Nigel Farage was left rattled in a televised debate as he was forced to admit that the Brexit vote was a political move that had little to do with economics.
During a heated tussle with The New European’s editor Matt Kelly the hardline Brexiteer claimed his support for exiting the European Union had little to do with the country being better off.
‘This is about politics,’ the former UKIP leader told Good Morning Britain. ‘We have voted to run our own country, for better or worse, richer or poorer, ’til death do us part.’
The revelation came as Kelly pointed out crashing out of the EU would leave the country facing dire economic consequences. Farage stumbled through the debate even denying G7 growth figures showing the UK was lagging behind.
‘One of the reasons is you, Nigel – terms like ‘sovereignty’, ‘freedom of the people’ and ‘will of the people’.
‘We were masters of our own economy when we chose to enter the European Union because we believed it was good for our economy – and it was good for our economy. We were the fastest growing economy in the G7 before this, now we’re the slowest.’

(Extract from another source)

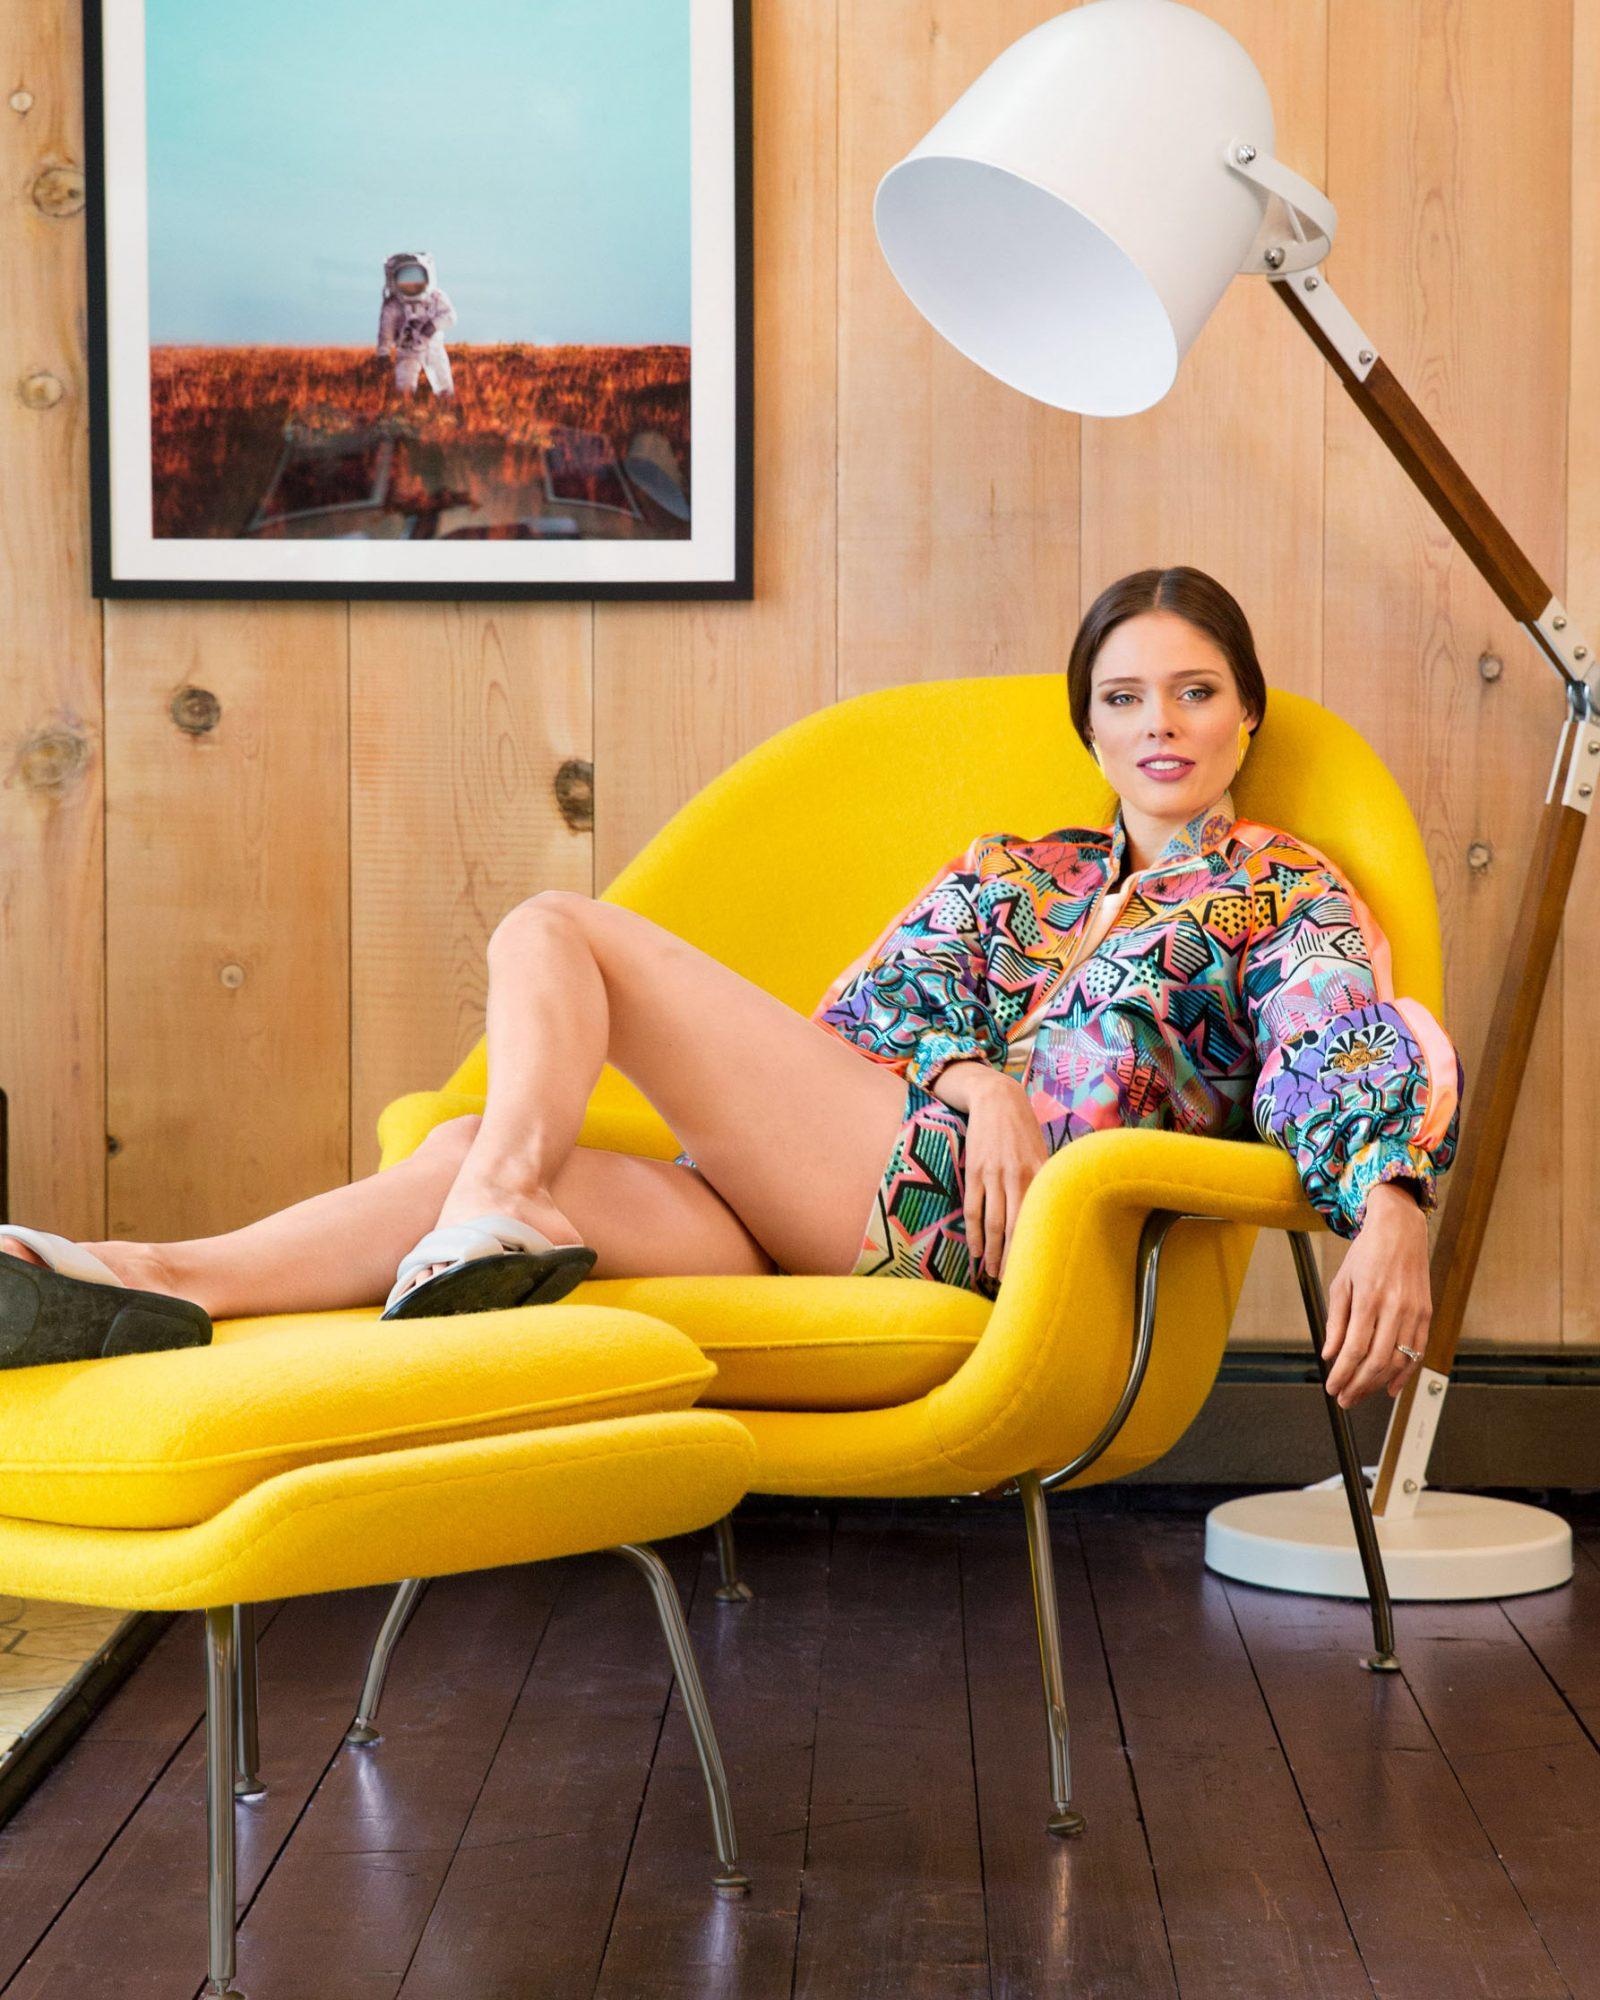 coco rocha on chair

‘We’re not the slowest,’ complained Farage, ‘stop lying with the figures. Italy is the slowest growing economy.’
He added: ‘No one cares about the economics, no one believes the economics. This is simple, it’s not about me saying we’d be better off or you saying we’d be worse off, it’s about do we govern our own country or don’t we?’
But Kelly snapped back: ‘Nigel is full of his abstracts, I suggest that we are a free country and it’s insulting to claim that Westminster isn’t sovereign.’
He added: ‘What I’m more interested in is the people who voted in good faith in Sunderland, in the north east, and Wales, who voted believing almost overnight their lives are going to improve … where is the obvious upside now?’